- [Items from a dataset]:
┄┄┄┄┄┄

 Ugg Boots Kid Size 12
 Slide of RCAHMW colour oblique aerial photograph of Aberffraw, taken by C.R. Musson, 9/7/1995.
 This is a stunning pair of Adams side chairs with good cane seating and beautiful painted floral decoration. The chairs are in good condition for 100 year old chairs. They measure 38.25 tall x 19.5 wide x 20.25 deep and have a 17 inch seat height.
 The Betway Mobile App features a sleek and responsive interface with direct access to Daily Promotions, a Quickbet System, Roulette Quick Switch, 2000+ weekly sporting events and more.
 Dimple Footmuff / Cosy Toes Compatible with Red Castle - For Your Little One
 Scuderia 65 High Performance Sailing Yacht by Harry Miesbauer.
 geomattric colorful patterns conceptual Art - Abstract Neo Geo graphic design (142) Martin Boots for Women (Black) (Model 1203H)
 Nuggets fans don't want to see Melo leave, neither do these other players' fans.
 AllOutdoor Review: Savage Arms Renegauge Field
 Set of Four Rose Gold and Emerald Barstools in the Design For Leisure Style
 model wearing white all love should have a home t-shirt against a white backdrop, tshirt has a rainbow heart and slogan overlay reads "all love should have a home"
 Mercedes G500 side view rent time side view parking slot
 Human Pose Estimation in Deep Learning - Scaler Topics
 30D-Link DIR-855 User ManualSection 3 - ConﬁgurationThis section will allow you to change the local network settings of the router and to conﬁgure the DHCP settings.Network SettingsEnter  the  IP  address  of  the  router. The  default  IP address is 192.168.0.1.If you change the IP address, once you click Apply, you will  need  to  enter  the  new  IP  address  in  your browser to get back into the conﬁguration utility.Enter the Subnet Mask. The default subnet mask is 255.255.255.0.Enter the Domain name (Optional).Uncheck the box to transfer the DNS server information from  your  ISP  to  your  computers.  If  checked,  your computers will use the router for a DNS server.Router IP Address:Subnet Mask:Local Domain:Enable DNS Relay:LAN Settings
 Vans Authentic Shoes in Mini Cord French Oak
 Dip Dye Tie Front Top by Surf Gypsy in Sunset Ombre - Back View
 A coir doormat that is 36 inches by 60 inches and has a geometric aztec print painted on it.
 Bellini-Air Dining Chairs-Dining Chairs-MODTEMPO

┄┄┄┄┄┄

- [PROBLEM REQUIREMENTS]:
Copy exactly the lines that begin with the one containing "A coir doormat" and continue to the end of the records, both included, and nothing more.

- [RESPONSE TO THE EXERCISE]:
 A coir doormat that is 36 inches by 60 inches and has a geometric aztec print painted on it.
 Bellini-Air Dining Chairs-Dining Chairs-MODTEMPO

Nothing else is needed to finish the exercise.